I am reminded of a site called PlanetAll which I joined in 1997. It was quite like facebook was in 2007, but cleaner and more useful. The basic idea was that you used your real name, and connected with real people who you knew from high school, college, etc. It was a very nice, and it even worked for myself and a few contacts. The site did very well and were purchased by Amazaon in 1998, but Amazon shut them down. However, if they had started in 2003, rather than 1997, they could well be synonymous with social networking. It must hurt to be them. Curiously, they were a group of Harvard graduates.

Comment Re:Strange case (Score 1) 422

....For a more typical nostalgia filter, I turn to, say, Need for Speed before Underground on the PC. Who says Snowy Ridge from NFS High Stakes isn't difficult?.

I got one of my biggest nostalgia thrills recently when i installed NFS-Porsche on Win7 and it worked first time! It's the only computer game I really want to play, and i haven't played it since I switched to XP in 2004. It didn't work in XP or Vista. Now, I'm playing it on a beast of a machine, and it runs smooth-as-glass with all settings maxed - which I was never able to do previously. Nice.... nice... nice!

So, if anyone's got a pre-XP game which they haven't played for years, it's worth trying it in Win7!

Comment Re:Terminal.app (Score 1) 422

I open a terminal window on my Mac. Do it every day for one reason or another.

It's particularly fun to go fullscreen with it and run nethack, and people actually think you're doing something very brainy and technical.

I keep a laptop running with Ubuntu, and ssh from Win7 into it to get a console

I get a buzz from thinking that this 512MB machine is more powerful than the Vaxen I started out on in the 1980's, which had dozens of students logged on, and which I dreamed of owning when I became very rich. Plus, the console I get is full flavoured Linux, with (potentially) every software tool I could have used on the Vax - some of which might have cost 10's of thousands of dollars. I can get a compiler for every language I used then, in its latest version.

Best of all, it is often very useful, enabling me to do something I can't do in Windows

Comment Re:From Experience (Score 1) 152

it is great you want to learn code. I learned to code before I ever got to college and I do not believe it improved my abilities that much. Coding is one of those things that changes so often you have to re-learn anyway, so you may as well get used to self-teaching.
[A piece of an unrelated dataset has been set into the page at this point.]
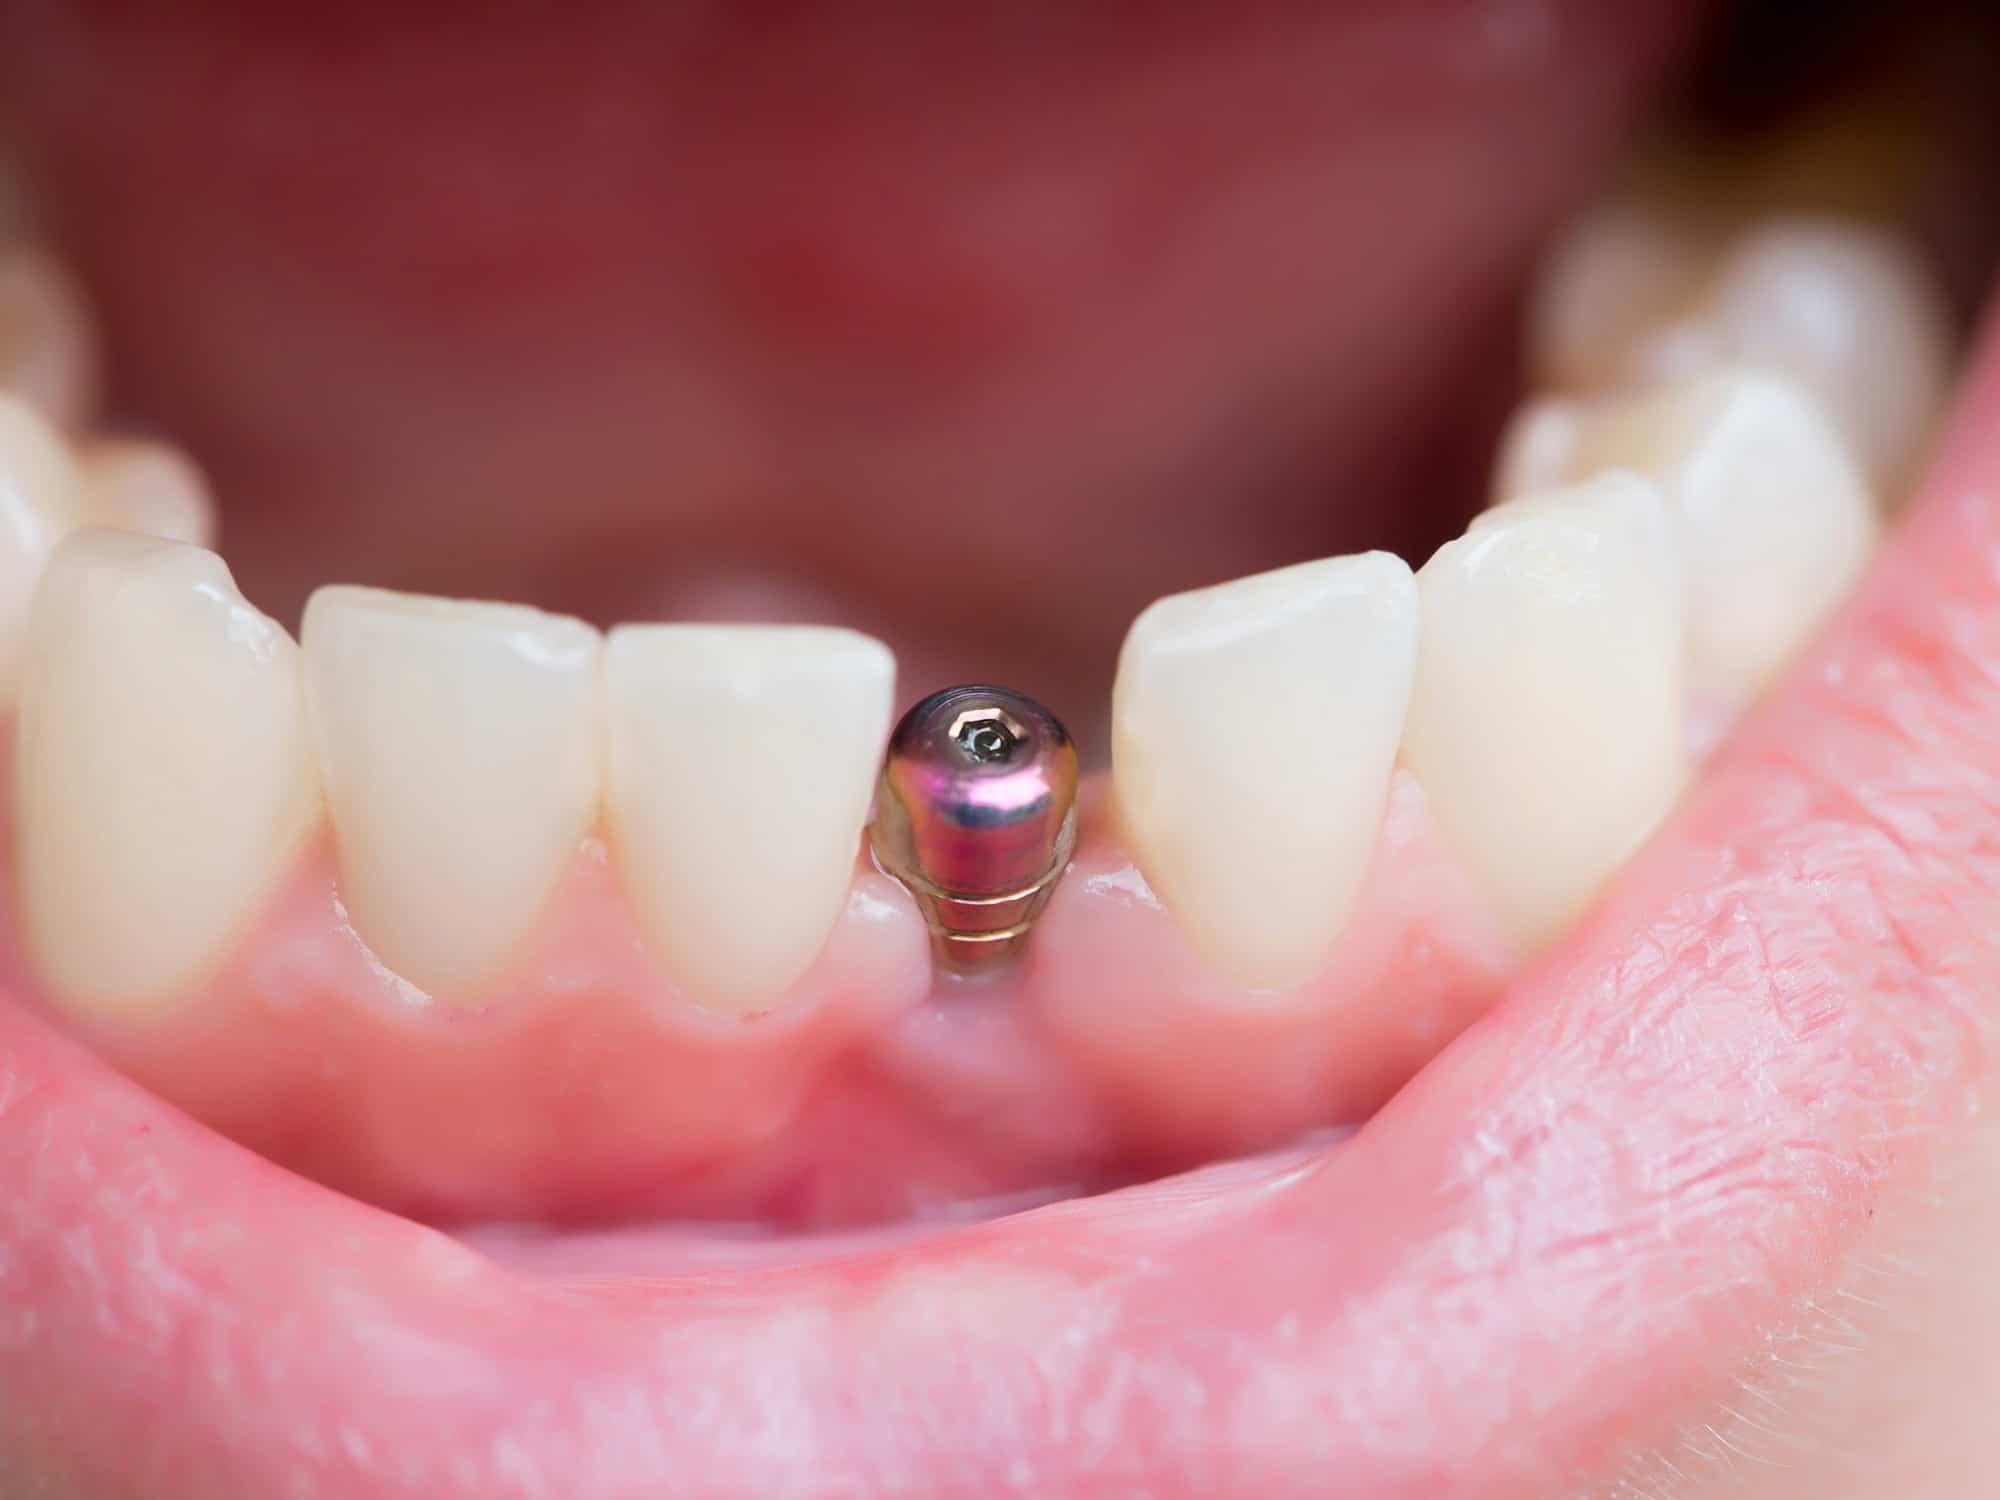 Suites opératoires aux implants dentaires

If it is Ruby on Rails you are after I would recommend Rails for Zombies. http://railsforzombies.org/

It is a quick free and great way to get going in rails.

Seconded!

When I read the OP I thought that he had answered his own question. He wants to code, just because he knows he wants to. That's enough. It's quite easy to get into coding on his own home computer, in his spare time, as a hobby. Instead of watching TV in the evenings, he writes code and enjoys it. He suggested RoR as a potential learning vehicle. Great! It's self contained, so he doesn't have to learn a whole eco-system (compared with .Net or Java). It will be a vehicle for learning HTML, CSS, JScript and SQL, and Agile development. It's also elegant and fun to work with, and has several very good introductory texts. The OP is on the right track already, and just needs a few people to say - "do what you just said, sir".